I chose this book after seeing a lecture from Jardine that was broadcasted on CSPAN. Hooke was involved in rebuilding London after the Great Fire. Christopher Wren is given credit as the king's city planner for designing the new London and for using new techniques of planning. John Barnett (in The Elusive City: Five Centuries of Design, Ambition and Miscalculation)credits Wren with planning on a grand scale. He used a top-down perspective, looking at the city as a whole but preferring aesthetic elements in design. The older methods of planning, one building at a time and based on traditions within the community, were displaced.
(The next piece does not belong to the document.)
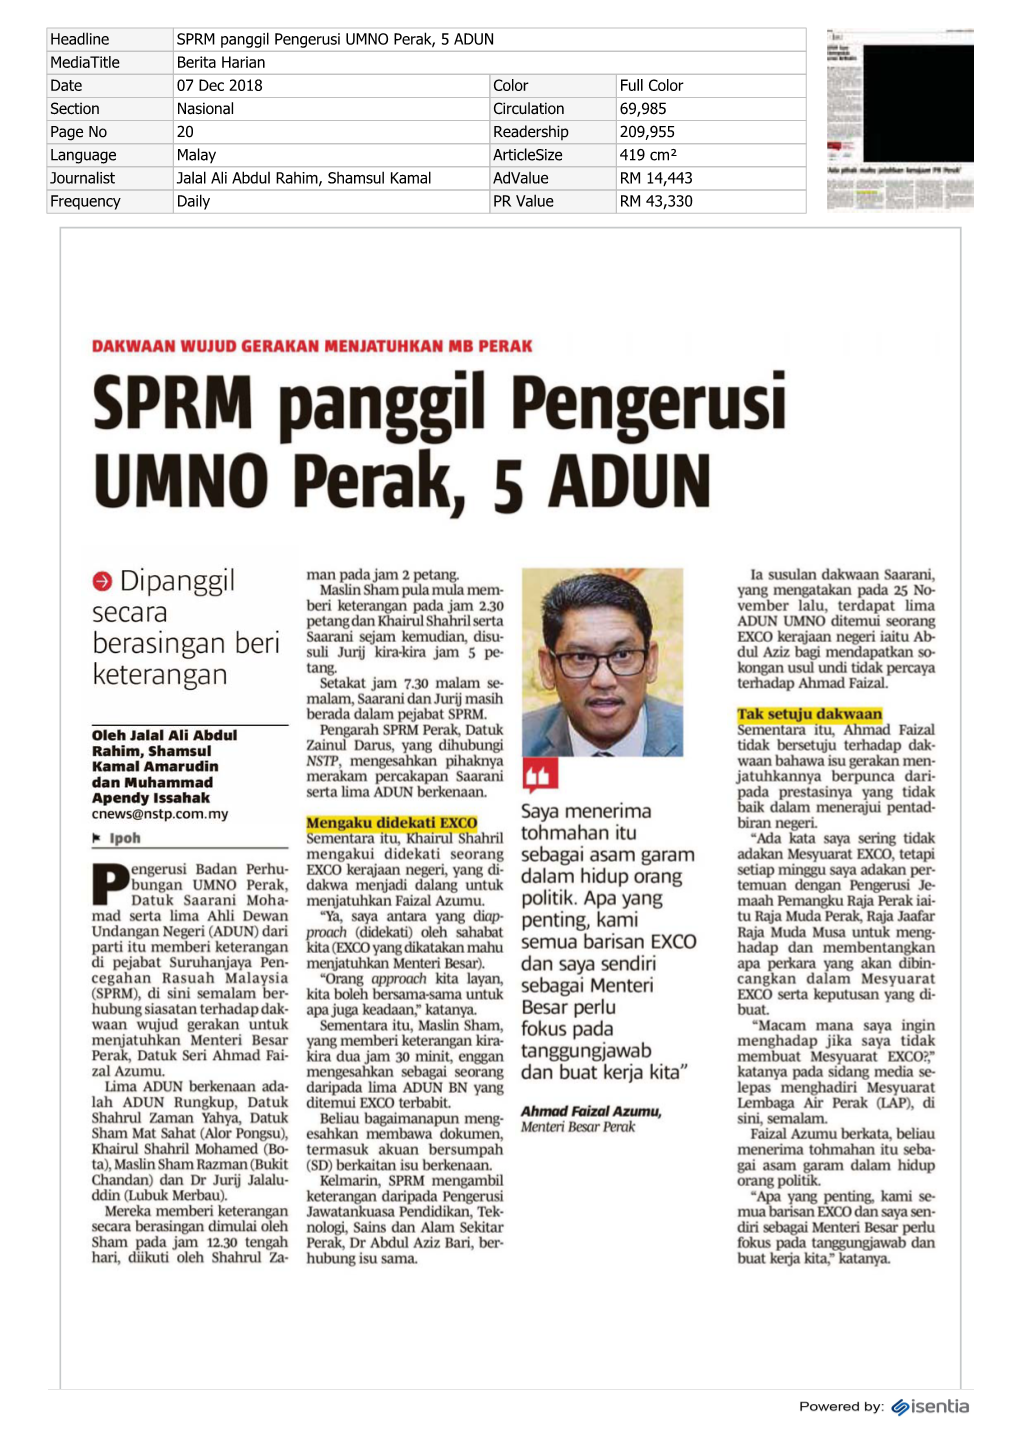 SPRM Panggil Pengerusi UMNO Perak, 5 ADUN

He preferred large boulevards. What Wren tried to represent was the glory of the kingdom. The architecture-driven aesthetic that Wren developed created a vocabulary of scale that influence the design of almost all capitals that followed.

Hooke, who was Wren's friend, was the planner for the city of London. He was hired to press the city's interests in remaking London--interests that did not always agree with what the crown wanted. One issue about which Jardine spoke was the design of the cathedral: the crown wanted a dome to represent the spirit of the times and the power of monarchy, the city wanted spires that could be seen far away and represent the power of the city oligarchy. The result was a massive dome, one that Jardine says is quite unnatural for the size of the building.

I have a tall pile of books that I must read first. This one will have to wait. On a side note, I received an interesting novel that is an artifact of the American civil rights movement: Sutton Griggs' Imperium in Imperio. It looks really good.